Я ожидал всего, только не этого.
— Почему же стыдно? сказал я. — Этот твой Ятлин со своими взглядами, он, получается, враг не Сталина, а России в целом…
— Ну при чем туг Ятлин, вскричал Коля, мы с ним об этом никогда не говорили… Это я так думаю… Любить Россию — это значит честно работать, трудиться для ее блага, а не властвовать.

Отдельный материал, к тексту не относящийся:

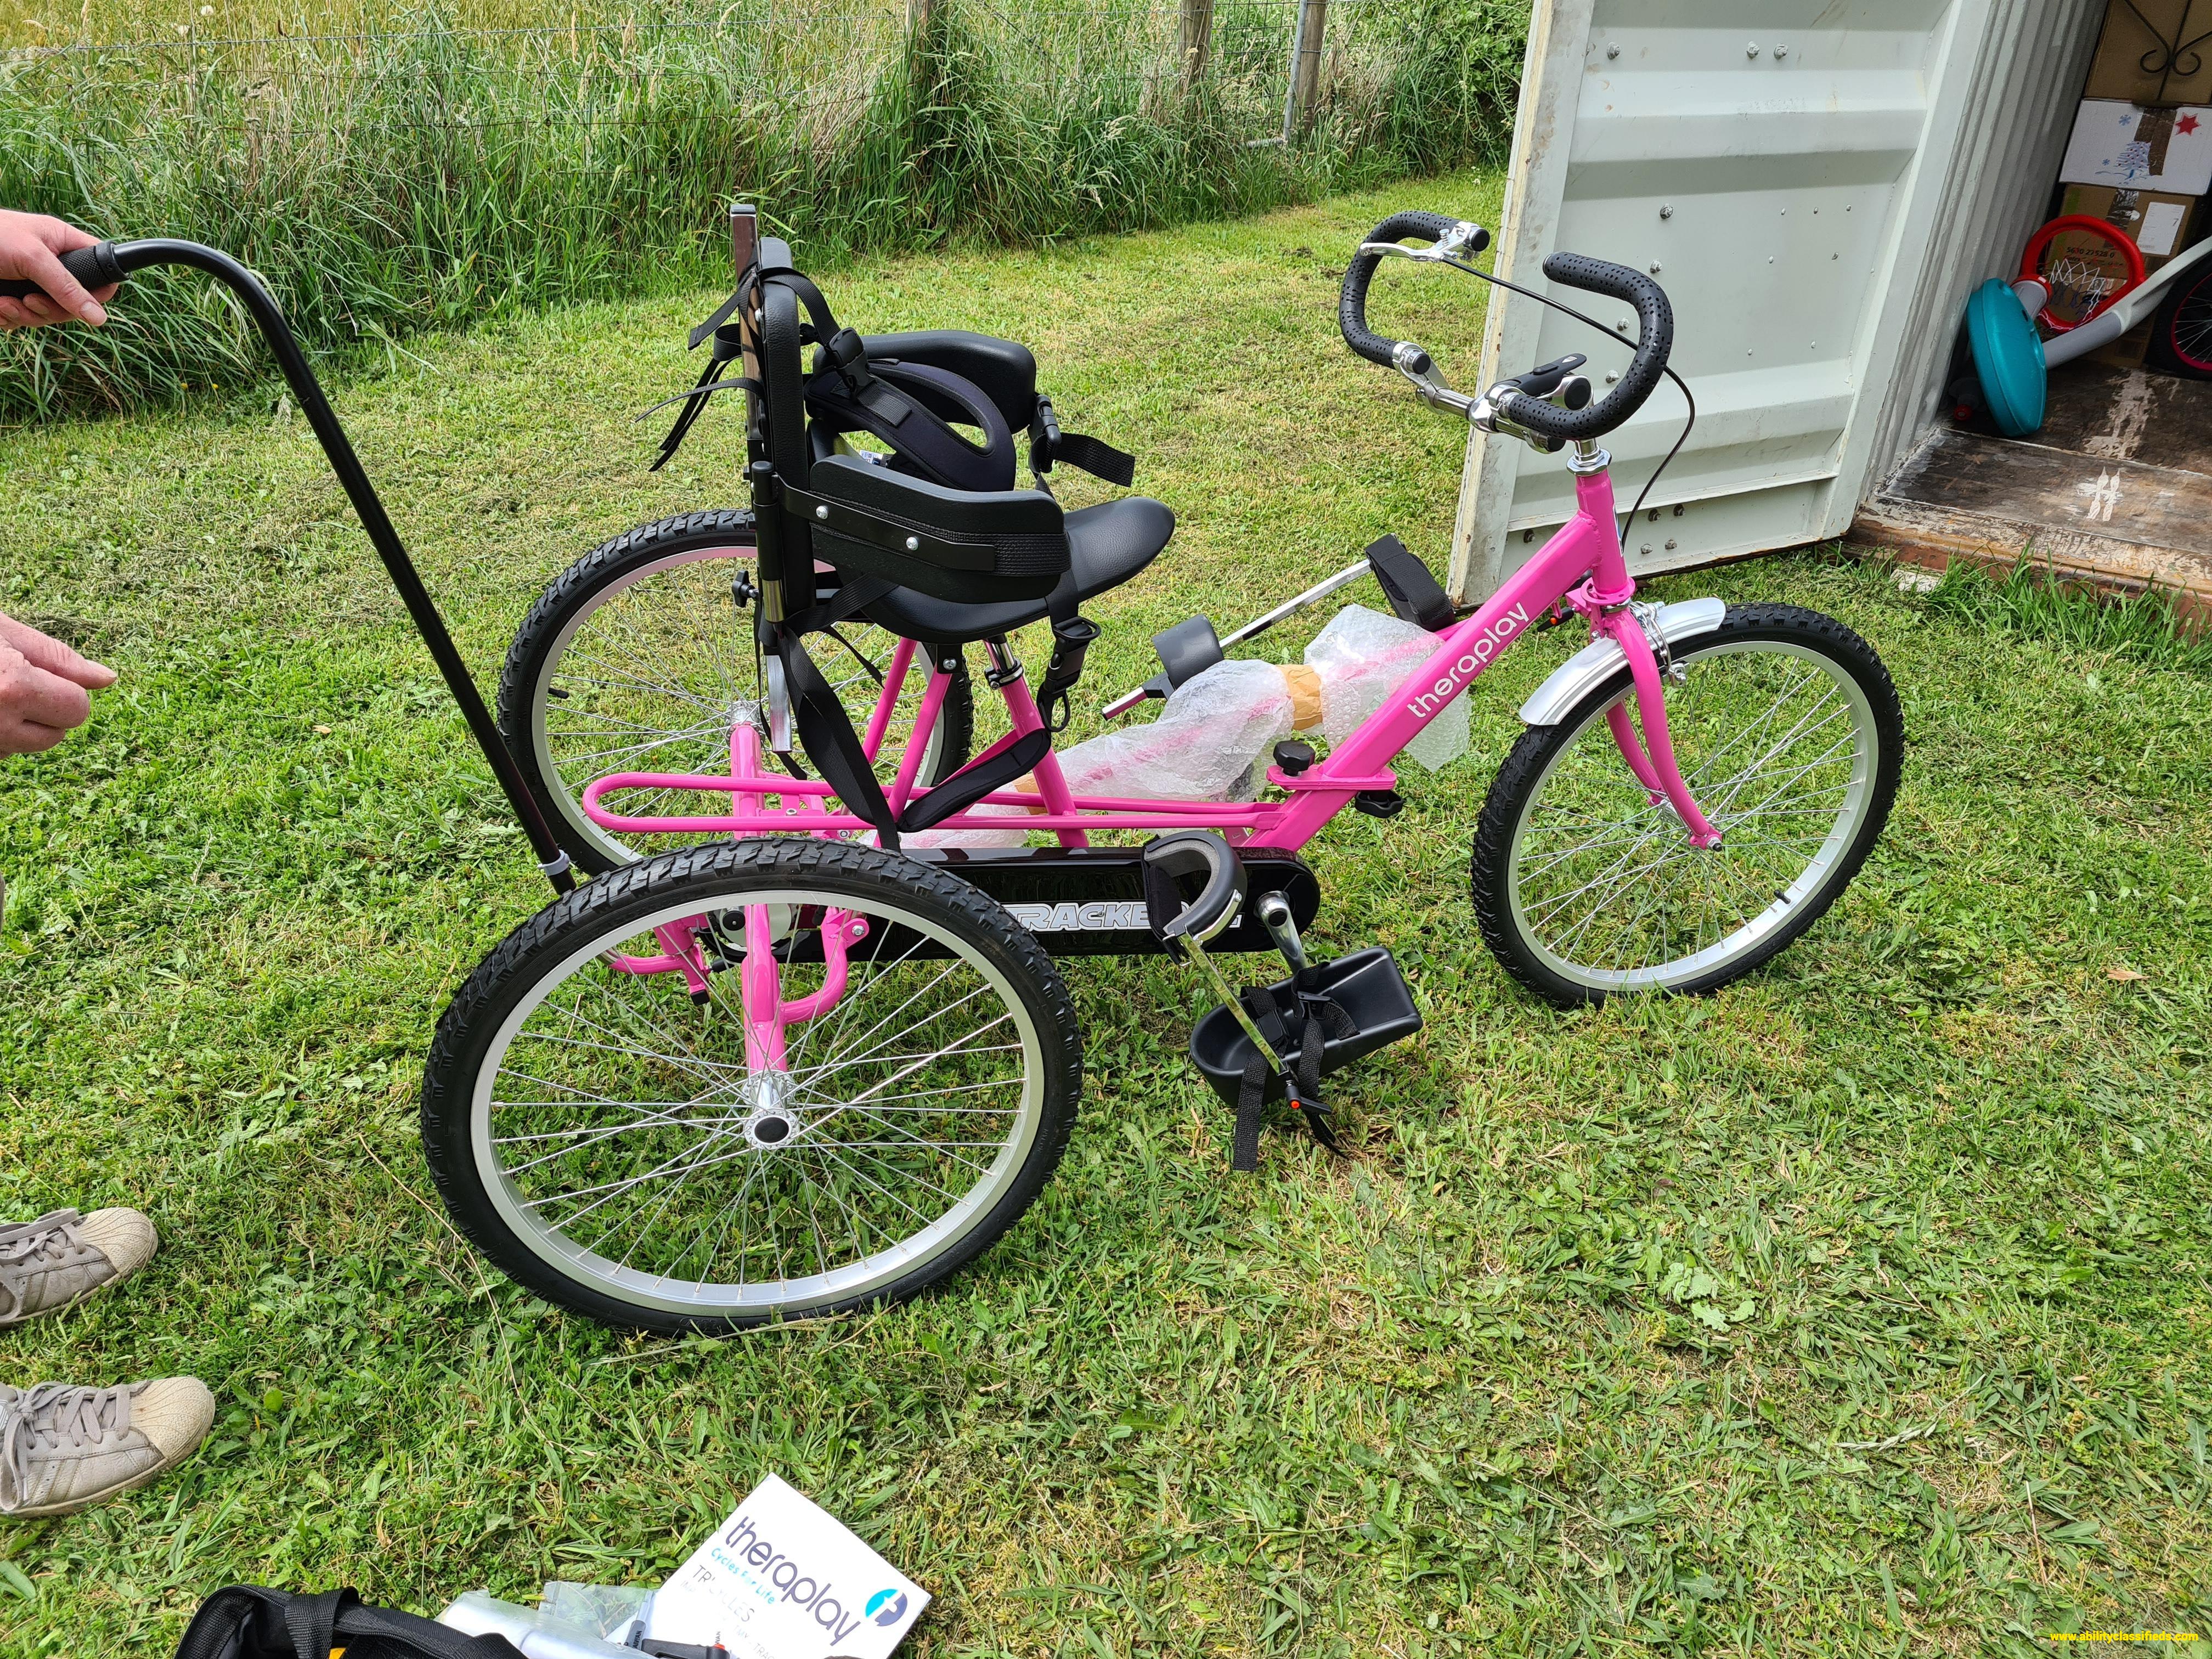 Theraplay trike

В голубых глазах его в то мгновение было столько света, что я невольно залюбовался.
— Heт, Коля, ты тут неправ, — сказал я мягко, поддаваясь искренности Коли, — Россия никогда не испытывала недостатка в честных тружениках, но ей всегда недоставало честных правителей… которые бы поняли ее национальную идею…
Последней была уже цитата из Щусева, но Коля именно после нее вдруг наморщил лоб и этак с серьезной тревогой задумался. И лишь когда он задумался, я осознал, какой успех выпал на мою долю. Я сообщил этому чистому столичному юноше, сыну всемирной знаменитости, о своем намерении возглавить Россию, и это было воспринято им настолько естественно, что он главным здесь посчитал не сам факт, а его последствия для меня. То, что он сразу же выступил против этой моей идеи, вступил с ней в противоборство, говорило о том, что идея эта, произнесенная вслух, его не удивила и не рассмешила… Признаюсь, как бы ни был я в себе уверен, но до этого момента что-то все-таки во мне сидело и издевалось, какой-то уголок во мне слушал меня как бы со стороны, иногда со смехом, а иногда и с тревогой. Тут удивляться нечему. Каждый будущий правитель из тех, кто поднялся к власти снизу, волею своею и дерзостью, как бы ни был уверен в своем призвании, немножко удивлен, получая власть… Ибо первоначальное движение свое он всегда строит на пустом месте… Дерзнул и пожелал… И вот уже мелькнуло что-то, и вот уже что-то завязалось, и вот уже возникла вокруг этого твоего желания, подобного сотням разнообразных личных желаний, вот уже возникла первая полемика, вот уже личное твое желание, которое ты вполне мог ранее убить в зародыше, теперь обрело независимое от тебя существование и заставило задуматься этого серьезного, начитанного юношу.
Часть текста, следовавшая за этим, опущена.